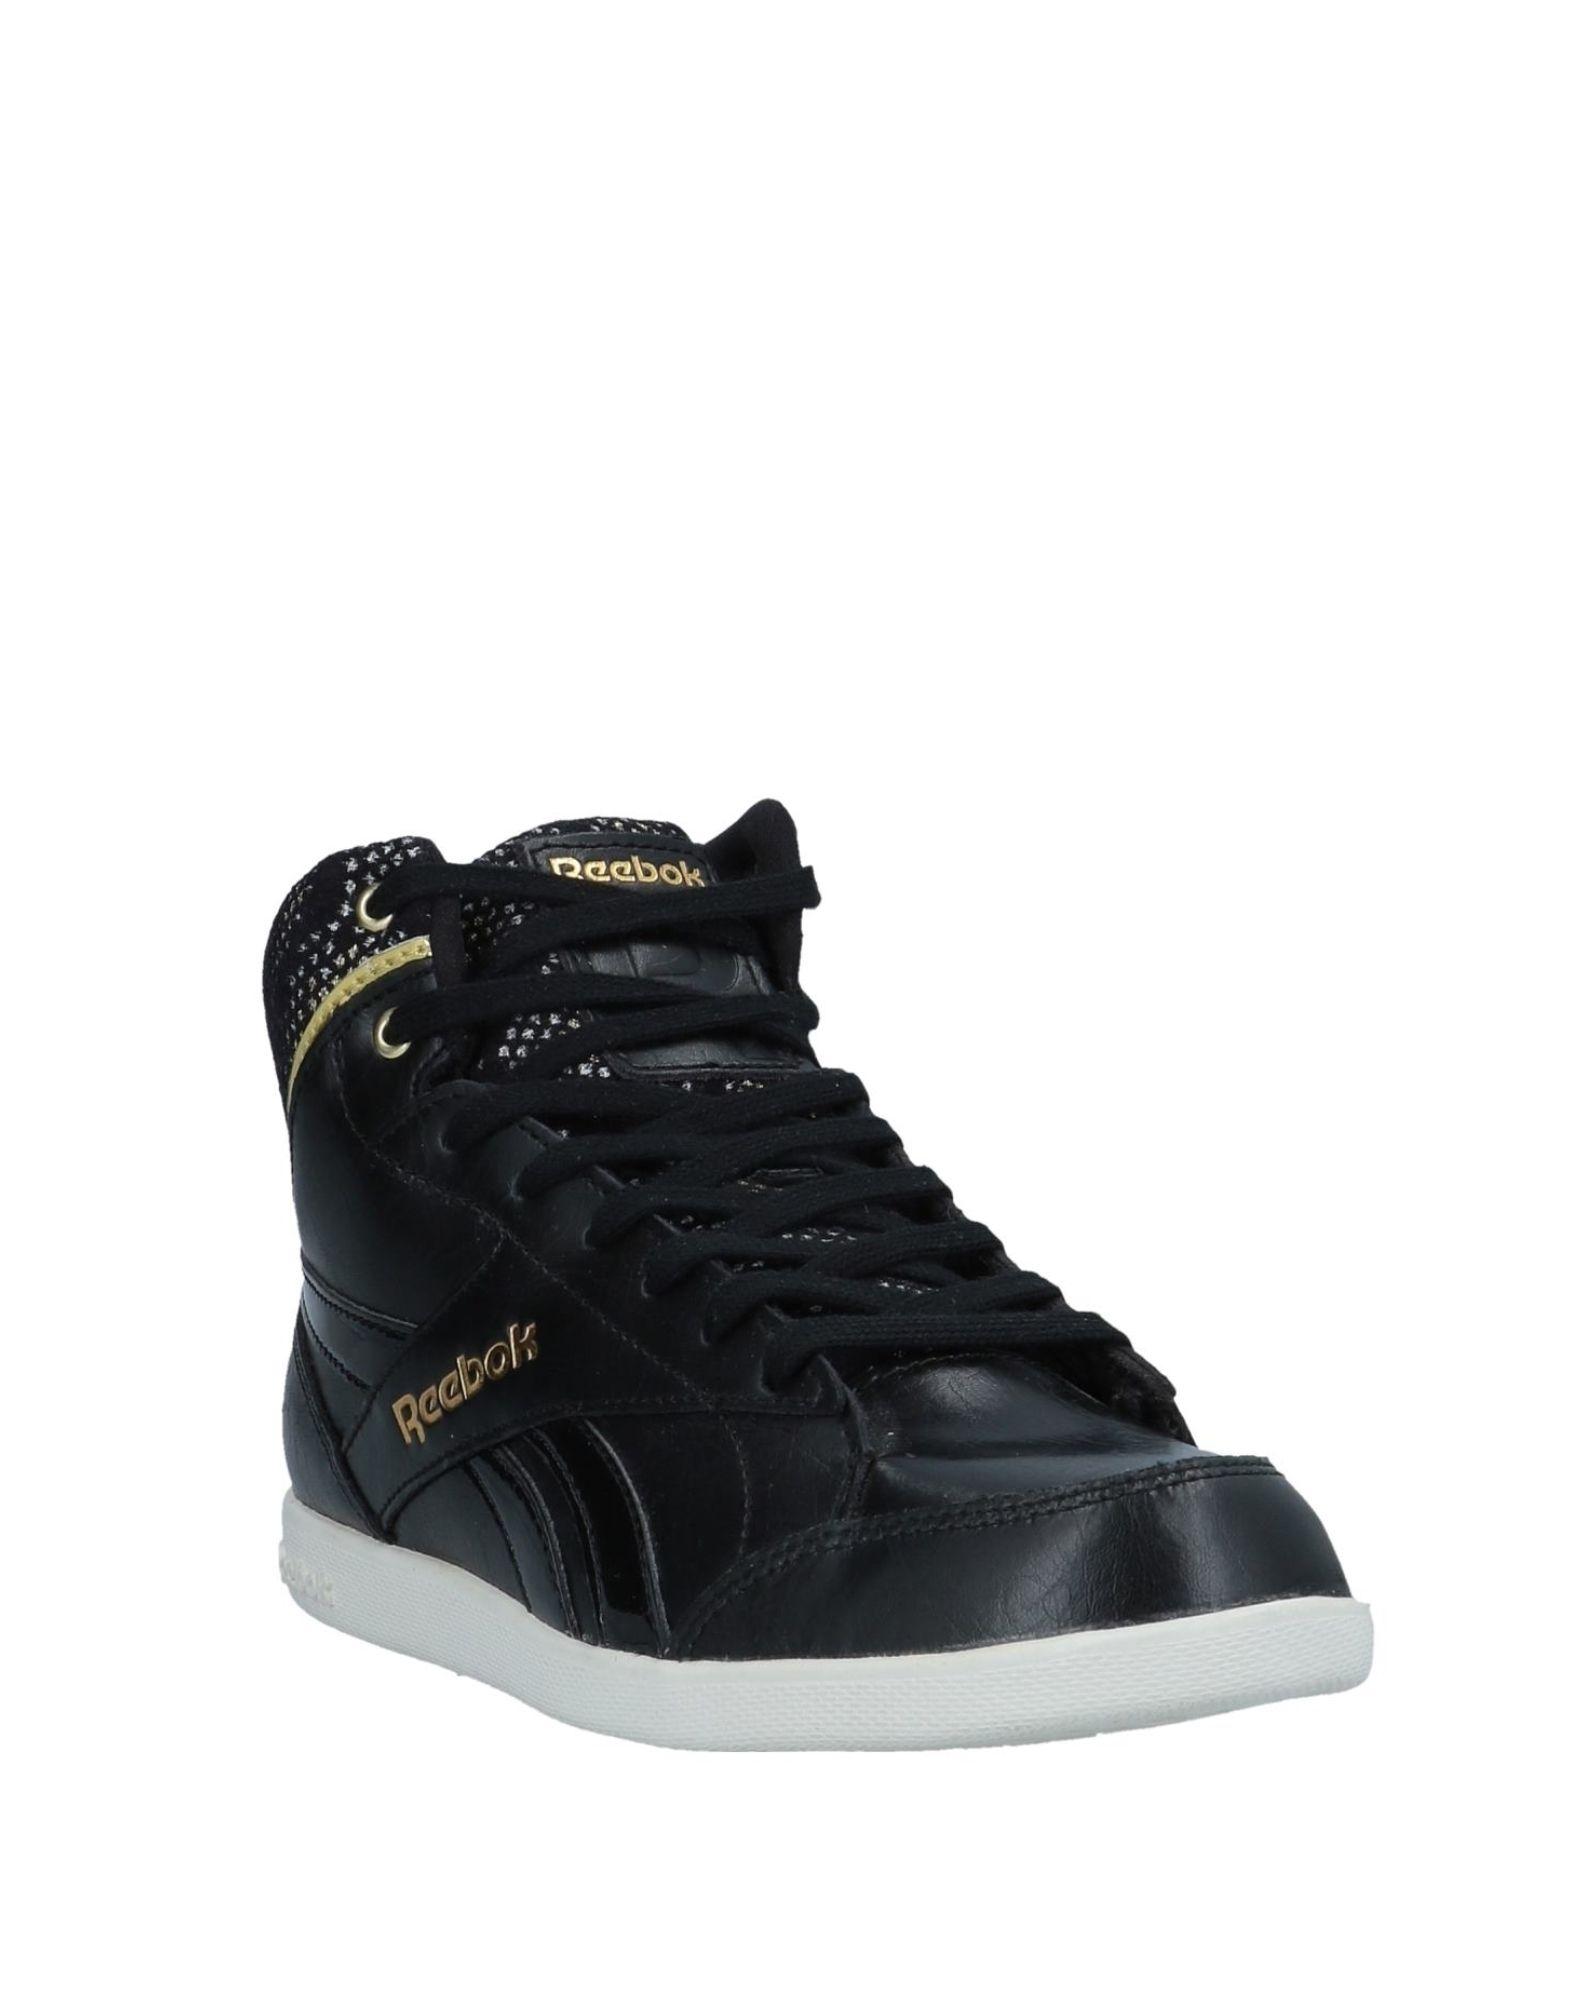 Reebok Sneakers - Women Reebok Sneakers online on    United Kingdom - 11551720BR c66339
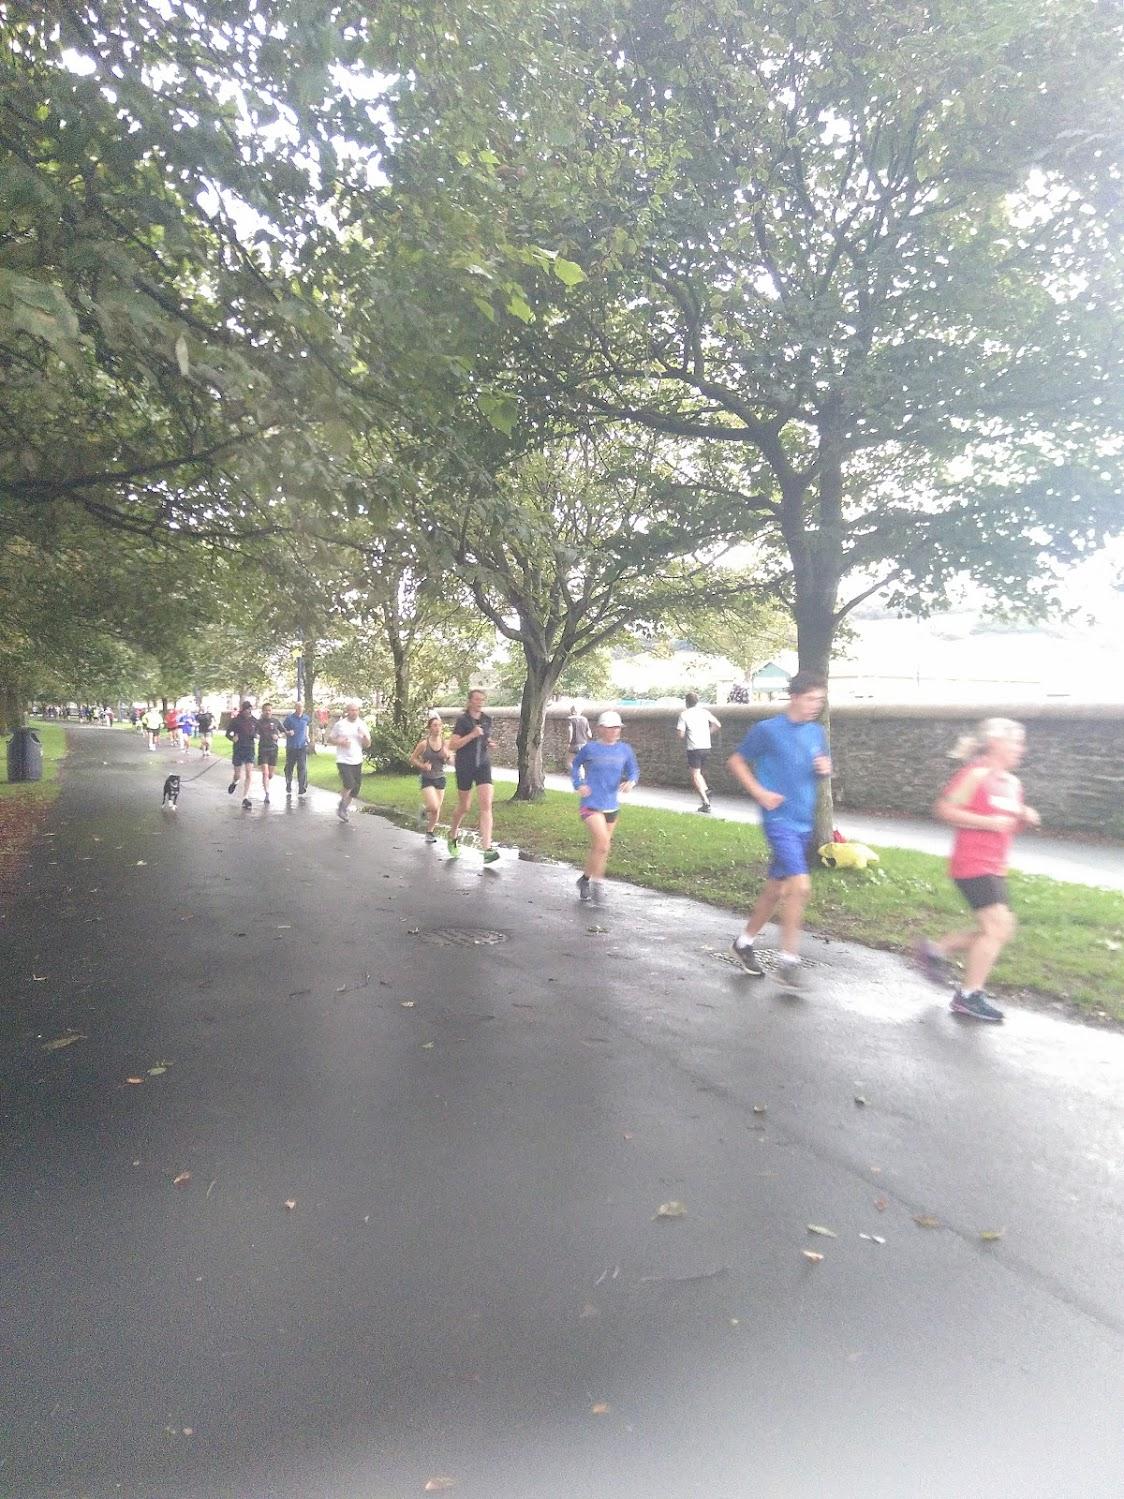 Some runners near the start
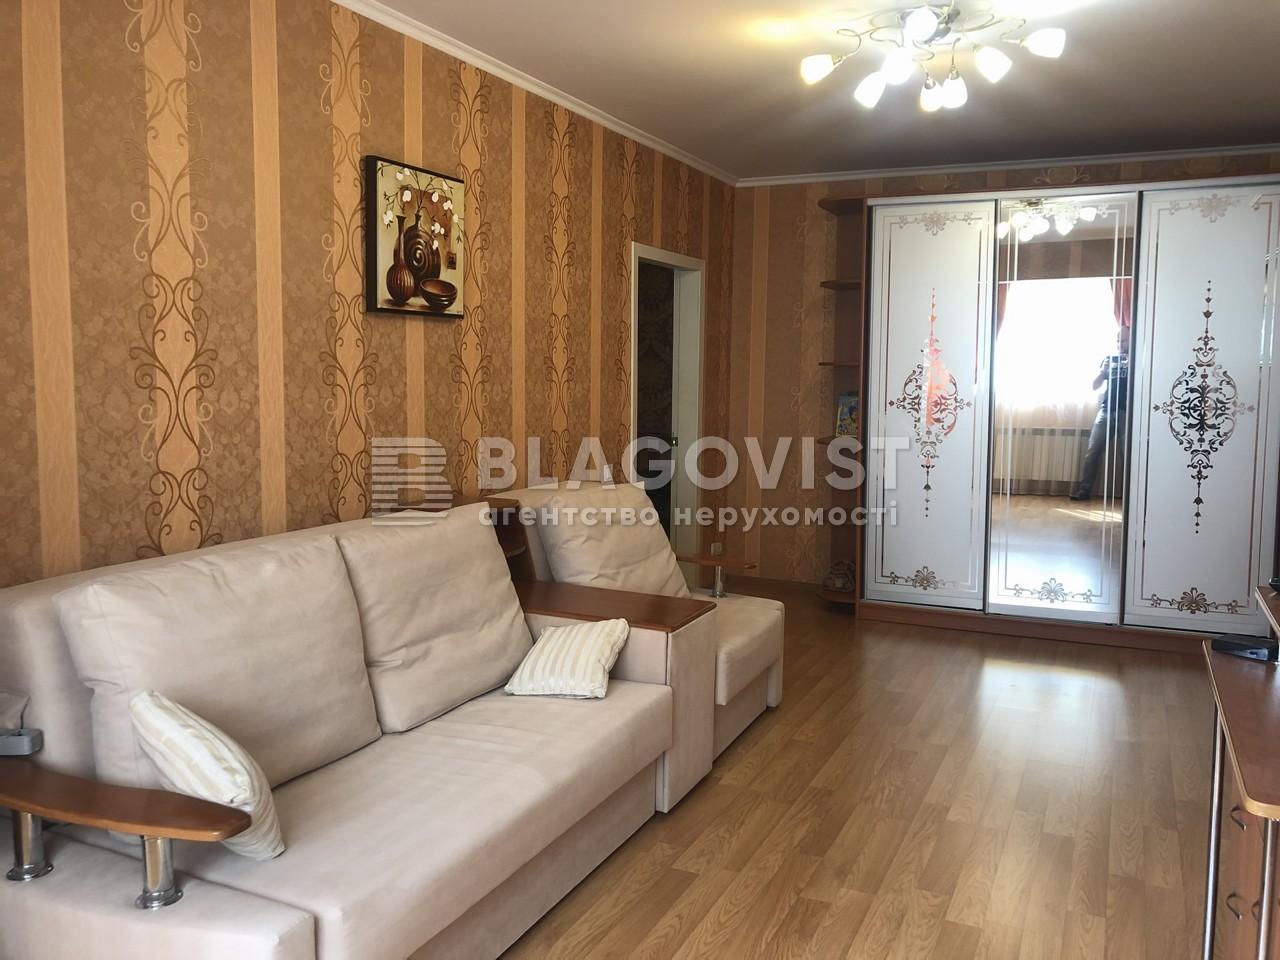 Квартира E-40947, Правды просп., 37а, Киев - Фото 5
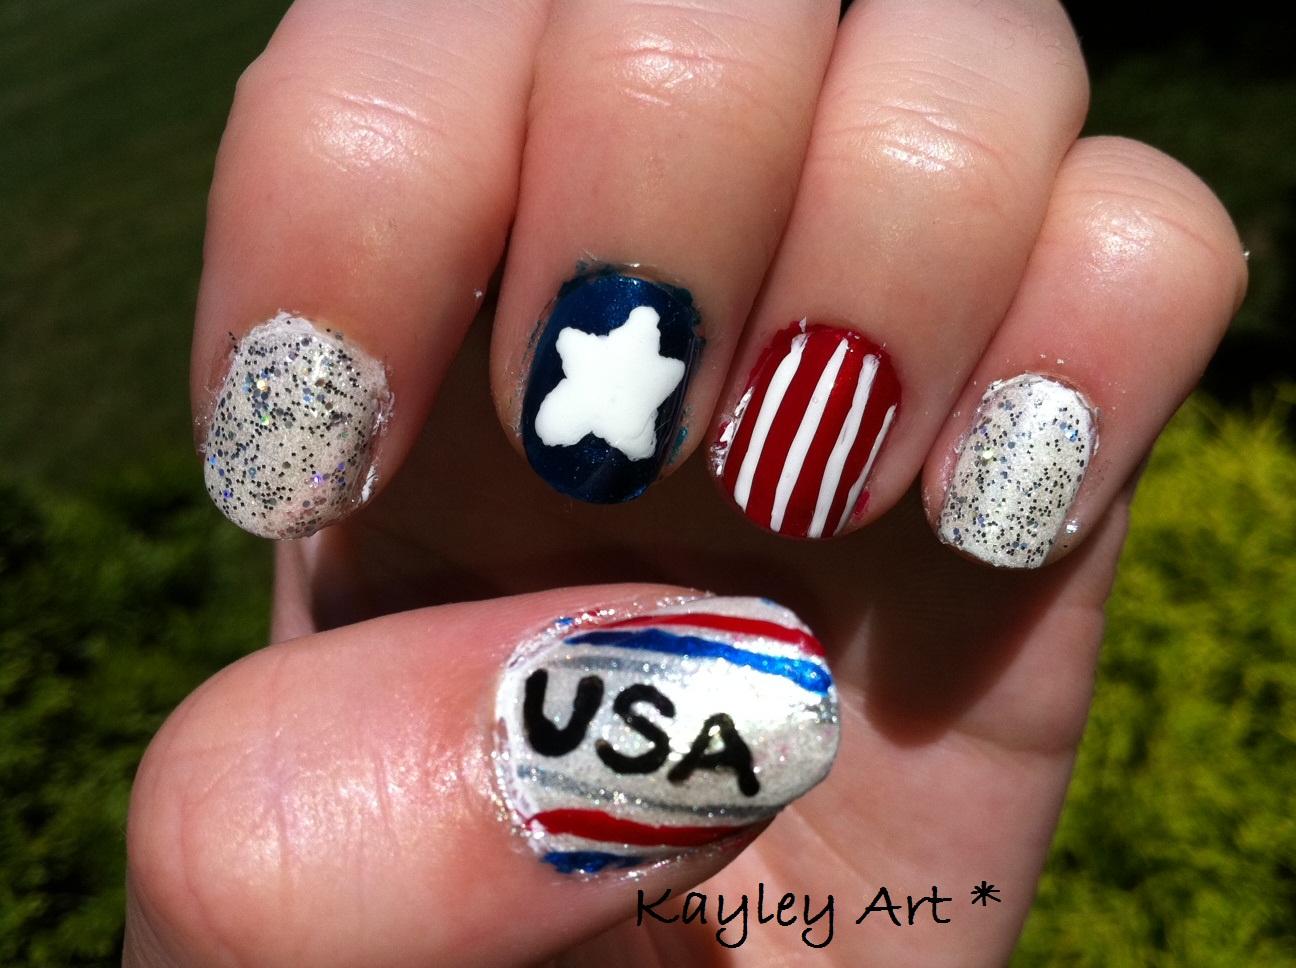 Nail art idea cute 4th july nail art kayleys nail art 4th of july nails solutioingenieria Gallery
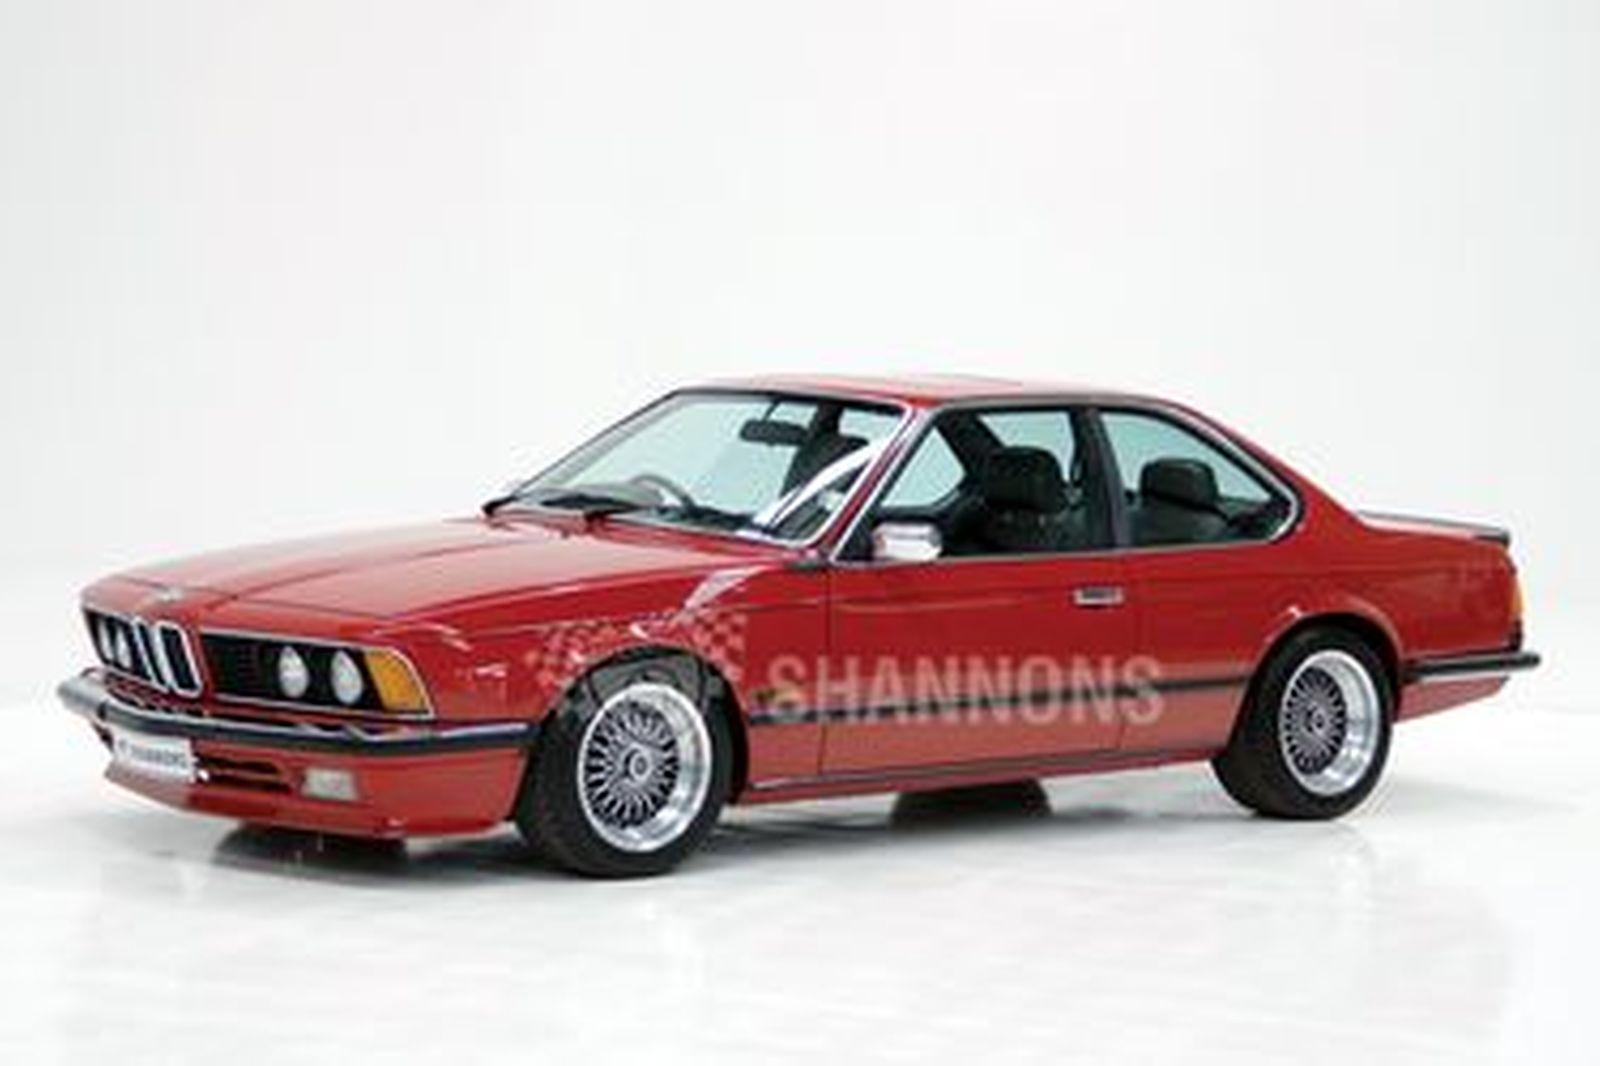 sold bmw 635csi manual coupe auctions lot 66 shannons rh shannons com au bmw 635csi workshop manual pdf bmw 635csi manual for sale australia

────────────────

## Problem requirements
Every line of the material above should be repeated exactly, except for the pictures.

## Task answer
 Reebok Sneakers - Women Reebok Sneakers online on    United Kingdom - 11551720BR c66339
 Some runners near the start
 Квартира E-40947, Правды просп., 37а, Киев - Фото 5
 Nail art idea cute 4th july nail art kayleys nail art 4th of july nails solutioingenieria Gallery
 sold bmw 635csi manual coupe auctions lot 66 shannons rh shannons com au bmw 635csi workshop manual pdf bmw 635csi manual for sale australia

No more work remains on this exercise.